MP me and I can help a brutha out.

----------


## Willie

HOw are you getting on with the search Big Foot.
I echo all what has been said. I picked up a garmin 62sc and it is great. Lets me plan a hunt in and out and lets me see what the lie of the land will be. Well worth the effort and while it may take a little longer to save the $'s very much worth it.

----------


## big_foot

> HOw are you getting on with the search Big Foot.
> I echo all what has been said. I picked up a garmin 62sc and it is great. Lets me plan a hunt in and out and lets me see what the lie of the land will be. Well worth the effort and while it may take a little longer to save the $'s very much worth it.

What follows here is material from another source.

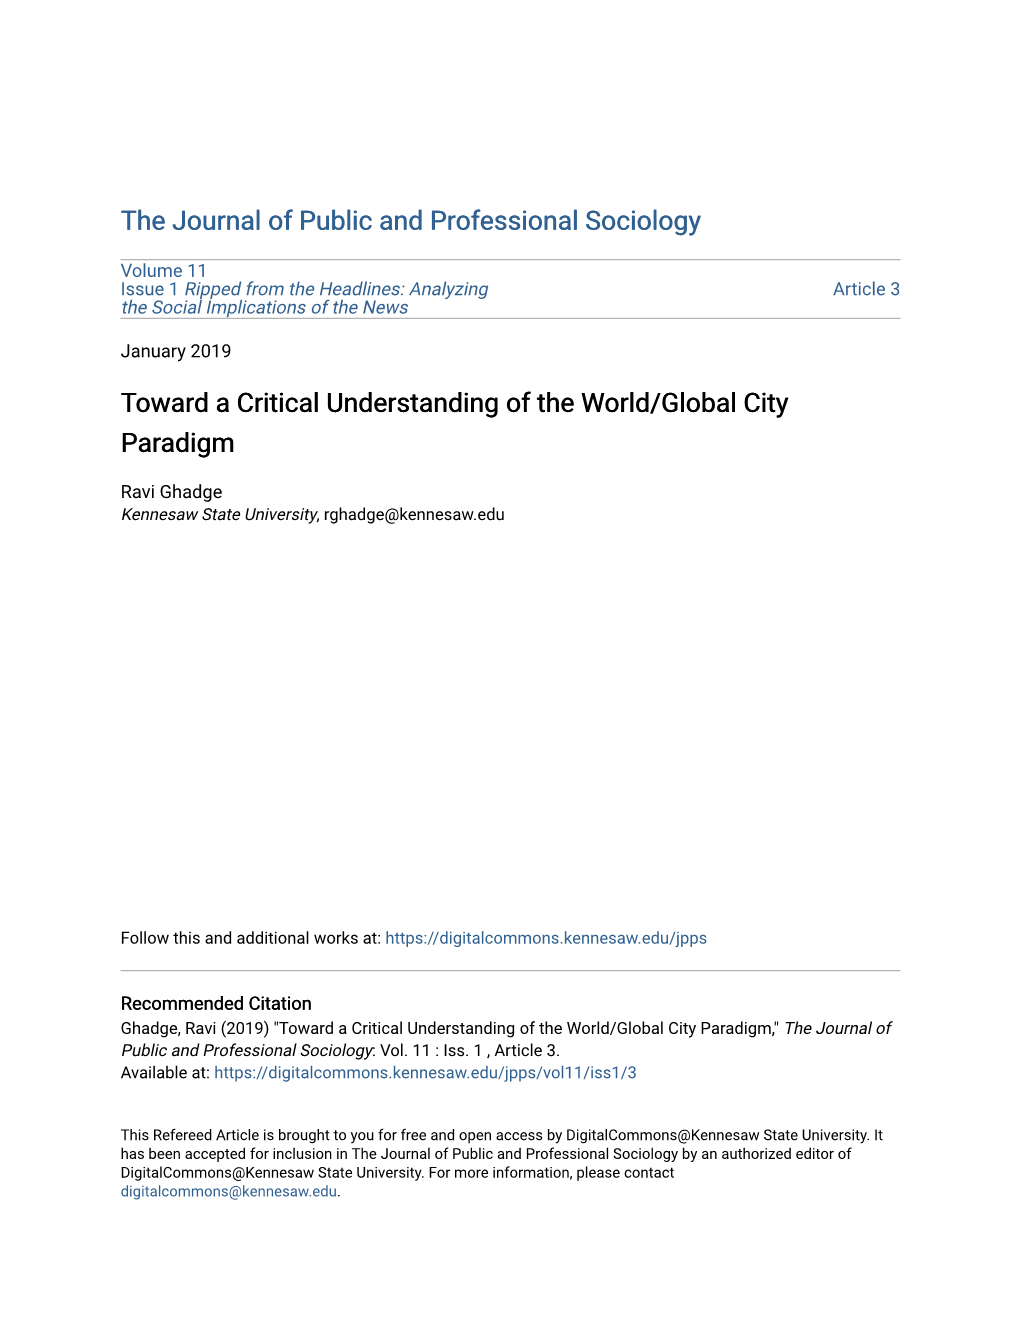 Toward a Critical Understanding of the World/Global City Paradigm

Keeping an eye out on TM, later in the year ill get a bit serious... surely someone will buy a newby for the roar and be flicking their old one off :Thumbsup:

----------


## stretch

For those of you with Garmins, feel free to download this map: https://www.dropbox.com/s/v5jzqesbv2...NZDEM.img?dl=0

It's 386MB to download, but it makes topomaps and contours much easier to interpret.

It's a 3D terrain relief / hillshading map that goes under whatever topomap or streetmap you're running (I prefer MrPurple's Topomap, available from gwprojects.org/forum, or direct from here: https://www.dropbox.com/s/ub5lqwhwvi...opo50.img?dl=0)

----------


## big_foot

Does anyone know the major difference between the Garmin 60CSx and the 62?

----------


## veitnamcam

A frustrating menu on the 60

----------


## big_foot

> A frustrating menu on the 60


Any difference with the quality of maps or reception?

----------


## puku

> Any difference with the quality of maps or reception?


Im pretty sure that the 62 had the high sensitivity sensor. And that the 60 doesn't. 

Sent from my GT-I9300 using Tapatalk

----------


## thedrunkfish

I have a Rhino 650 and love it. Touch screen is good and although i had no idea when i brought it i can use it as a normal UHF radio so no need to carry the lil walkie talkies as well. Think i got it for $450 new.

----------


## Nick-D

> Im pretty sure that the 62 had the high sensitivity sensor. And that the 60 doesn't. 
> 
> Sent from my GT-I9300 using Tapatalk


The straight 60 doesnt have the HS reciever, but the 60s & csx and do. I found that out the hard way (anyone wanna buy a garmin 60? :Thumbsup: ) Even the new etrex 10, 20 & 30 do

----------


## big_foot

> The straight 60 doesnt have the HS reciever, but the 60s & csx and do. I found that out the hard way (anyone wanna buy a garmin 60?) Even the new etrex 10, 20 & 30 do


Cheers man, so all the whole 62 range has the high sensitivity receiver? im pretty sure thats what the review dude on youtube said :Thumbsup:

----------


## sakokid

If u spent any time with a 650, u will never  ever want to go back to a 62.

----------


## Gibo

> If u spent any time with a 650, u will never  ever want to go back to a 62.


What one do you have?

----------


## veitnamcam

geeze even my old etrex "H" had high sensitivity receiver, odd they would go backwards before going forward.

----------